Яна и Ян - [12]
Разумеется, многое с того времени стерлось в памяти, и я уже не тот пятнадцатилетний мальчик, каким был когда-то, но, наверное, до самой смерти я не забуду командира танкового полка, который вечером у костра поведал нам о своем боевом крещении на Дукле. Ему в ту пору было только на четыре года больше, чем нам, и в полку он числился стрелком-радистом.
Слушая его рассказ, я мысленно переносился на Дуклу, и мне казалось, что я провел с ним ночь перед наступлением. Я представил себе все так, будто в действительности был танкистом.
Ночь была на исходе, все ждали сигнала к наступлению. Еще час, еще полчаса… Послышался гул орудий — началась артподготовка… Еще десять минут — и раздалась команда: «Вперед!» За танками поднялась в атаку пехота. Противник открыл противотанковый огонь…
— А что бывает с танком, когда его подбивают? — услышал я рядом с собой голос Яны. Ее большие глаза сверкали в полумраке. Я опомнился, поняв, что слишком увлекся рассказом. А ведь хотел поговорить с ней совсем о другом!
— Яничка, какой же я дурак! Наговорил тебе тут с три короба вместо того, чтобы просто сказать: я люблю машины и с большим удовольствием пошел бы служить в танковую часть. Понимаешь?
— Так плюнь на институт! — посоветовала она своим тихим голоском.
— Но поступить в институт — это значит остаться с тобой в Праге. А если уйду в армию?.. Кто знает, куда меня направят, может, и не в танковую часть. А потом, два года без тебя… Два года! Ты понимаешь это?
Она отвернулась.
— Так ты это из-за меня?.. — Голос у нее задрожал. — Если все, что ты сказал, правда, так я тебя подожду. Если, конечно, ты этого захочешь… — Дальше она не могла говорить.
Я испуганно привлек ее к себе. По ее холодным щекам текли жаркие слезы.
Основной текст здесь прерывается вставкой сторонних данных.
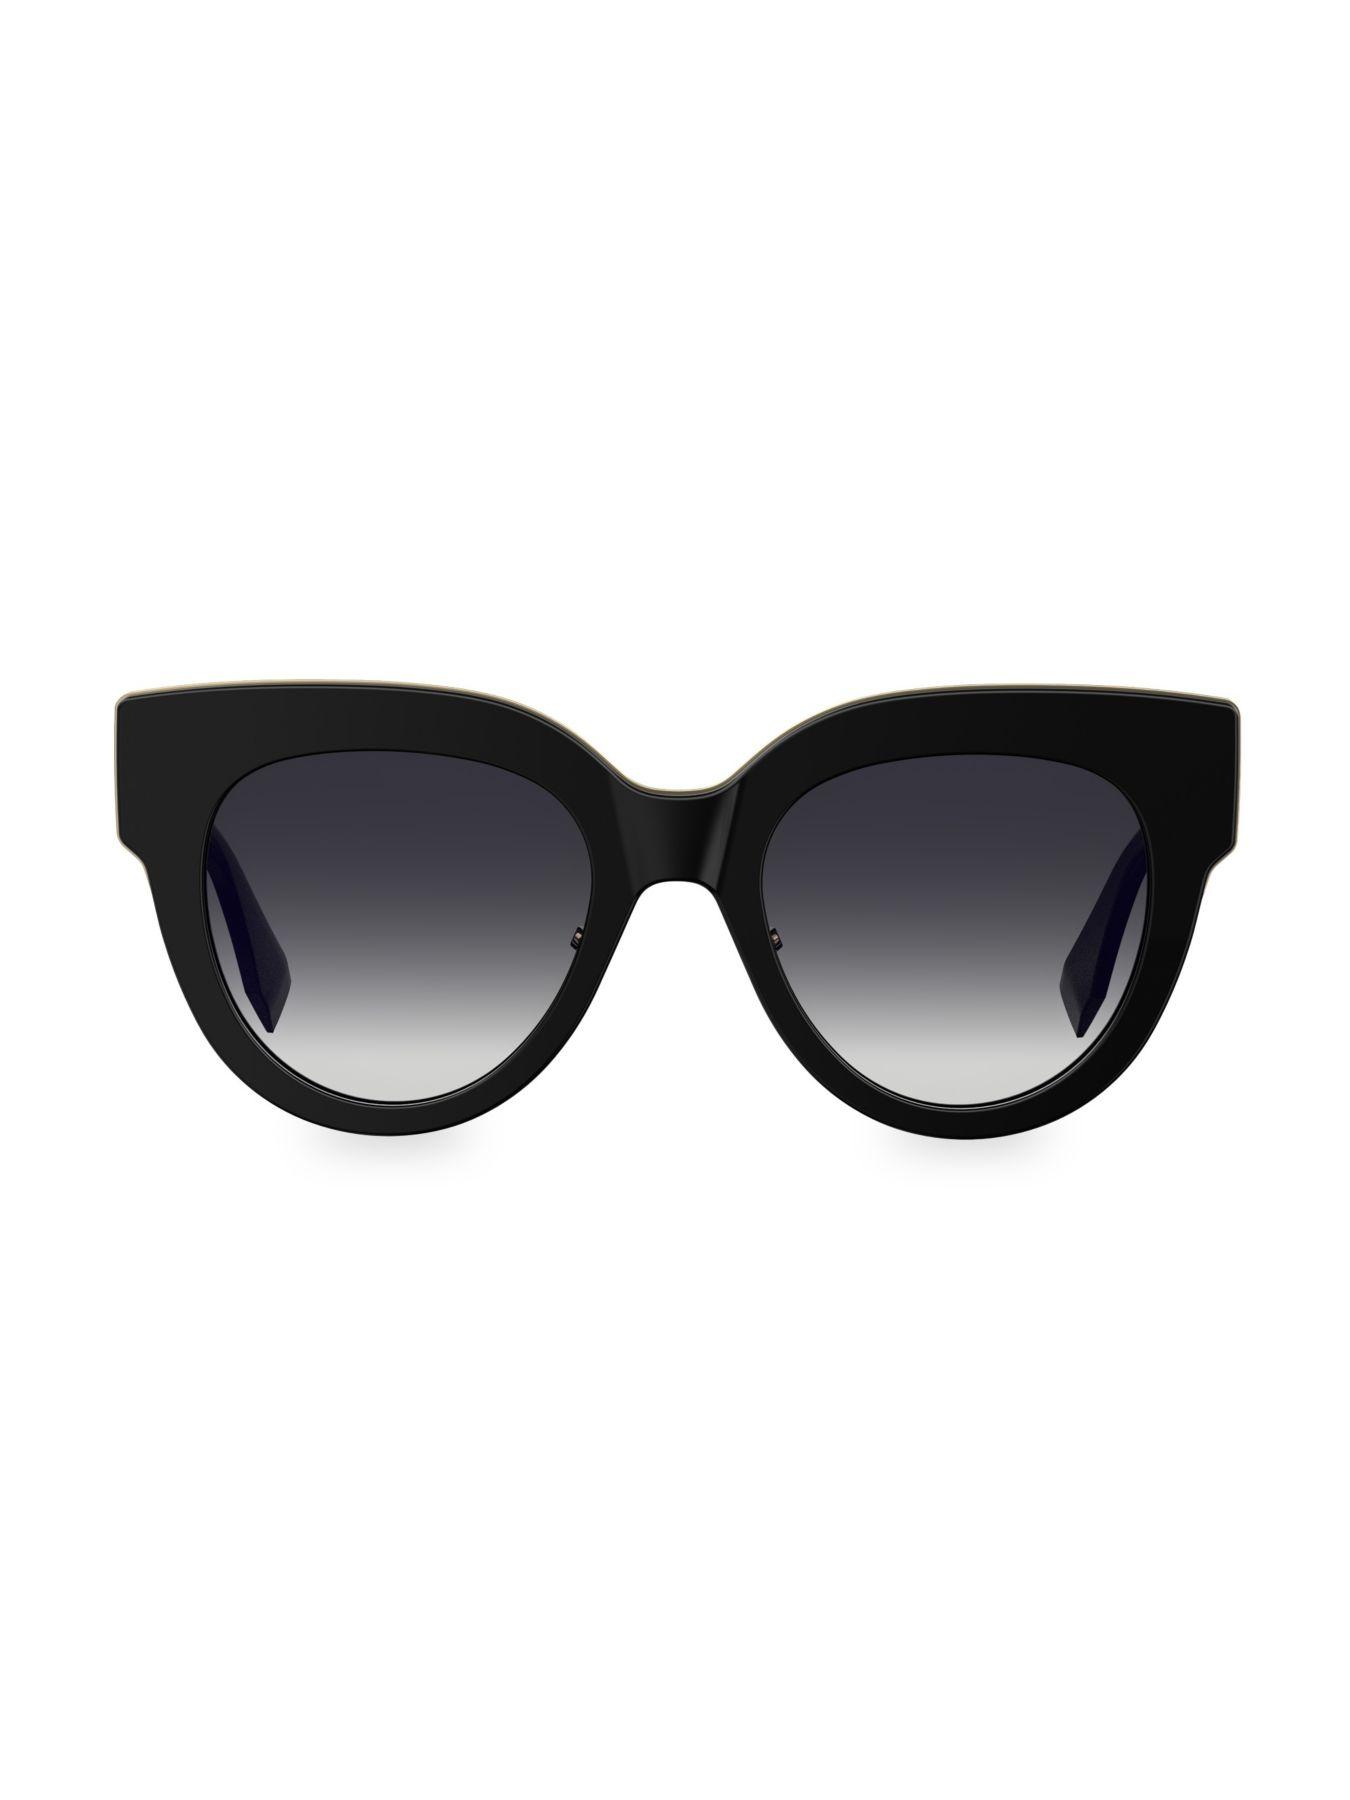 Fendi 51mm Cat Eye Sunglasses in Black - Lyst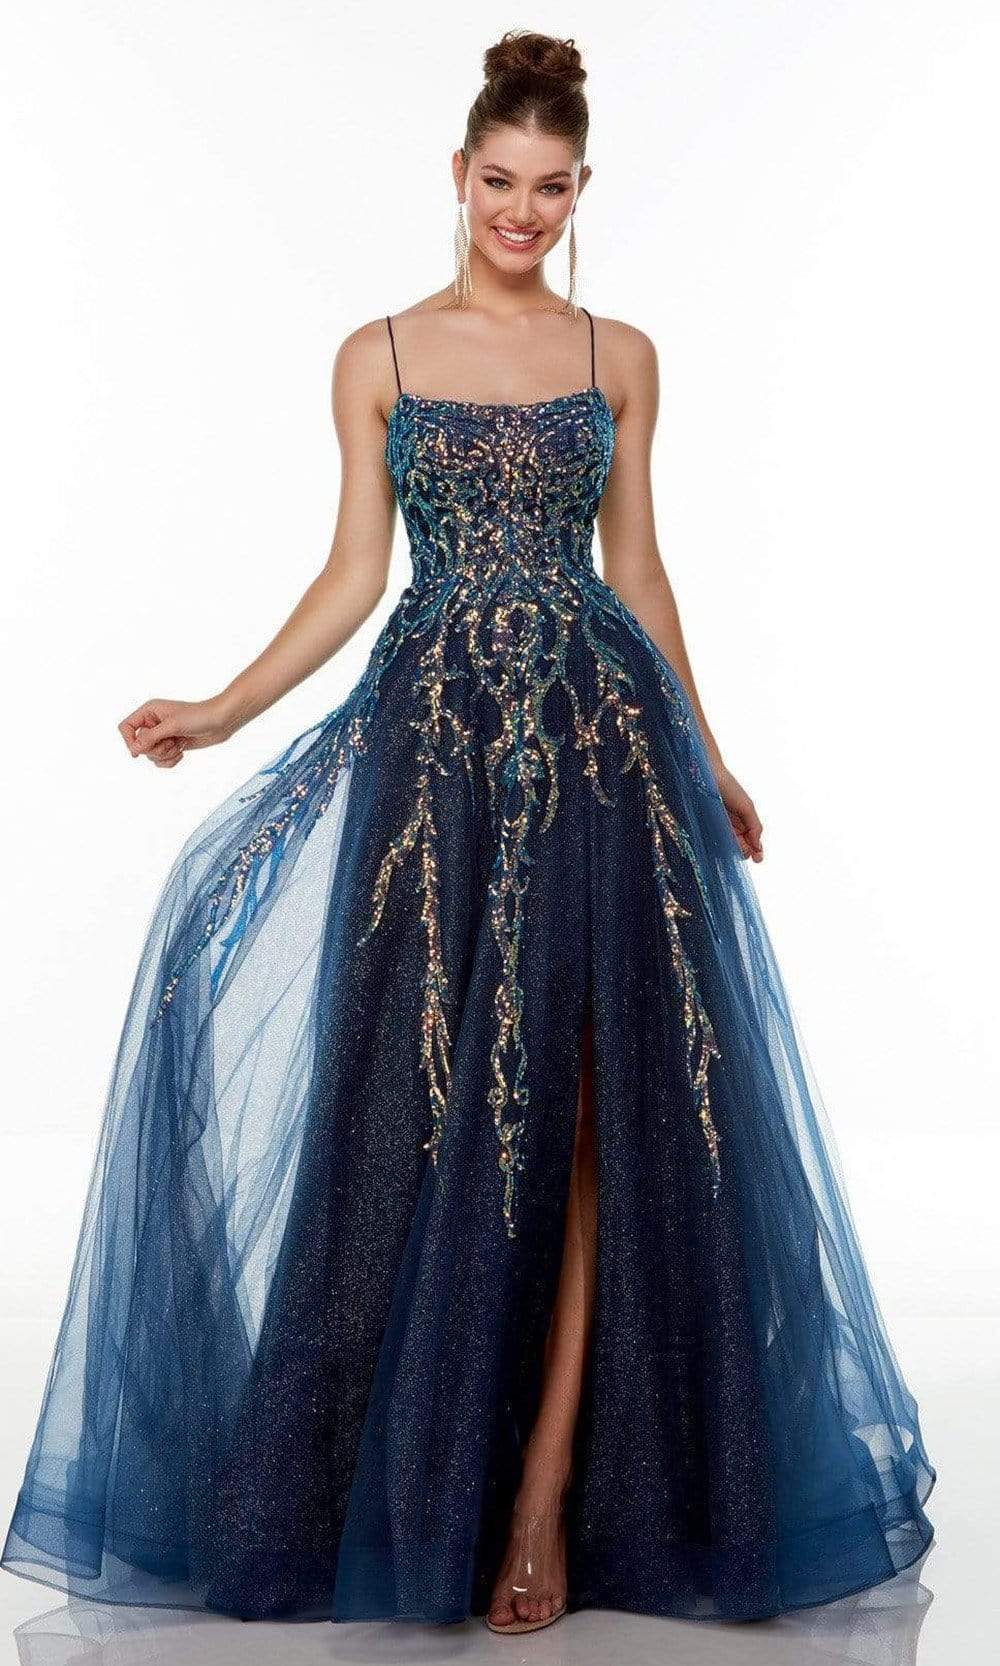 Alyce Paris - 61203 Sleeveless Embellished Ballgown Prom Dresses 000 / Navy

— Яна, почему ты плачешь? Ради бога, скажи!
— Не спрашивай ни о чем. Я, наверное, очень глупая. Не обращай внимания. И давай не будем больше об этом…
Мне тоже хотелось помолчать. Все и так было ясно. А главное, она уже не отворачивалась, тихо лежала в моих объятиях, и вкус ее слез на нежной холодной коже меня страшно волновал. Нет, от этого можно сойти с ума. Впервые рядом с ней я терял голову, а ведь давал себе слово сдерживаться, потому что она совсем ребенок и до меня у нее наверняка не было ни одного парня. Я целовал ее и чувствовал, как и ей передается мое волнение. Она сама обняла меня и прижалась своим стройным, но крепким телом. Никогда еще она так меня не обнимала. Я чувствовал, как часто бьется ее сердце — как у пойманного зверька.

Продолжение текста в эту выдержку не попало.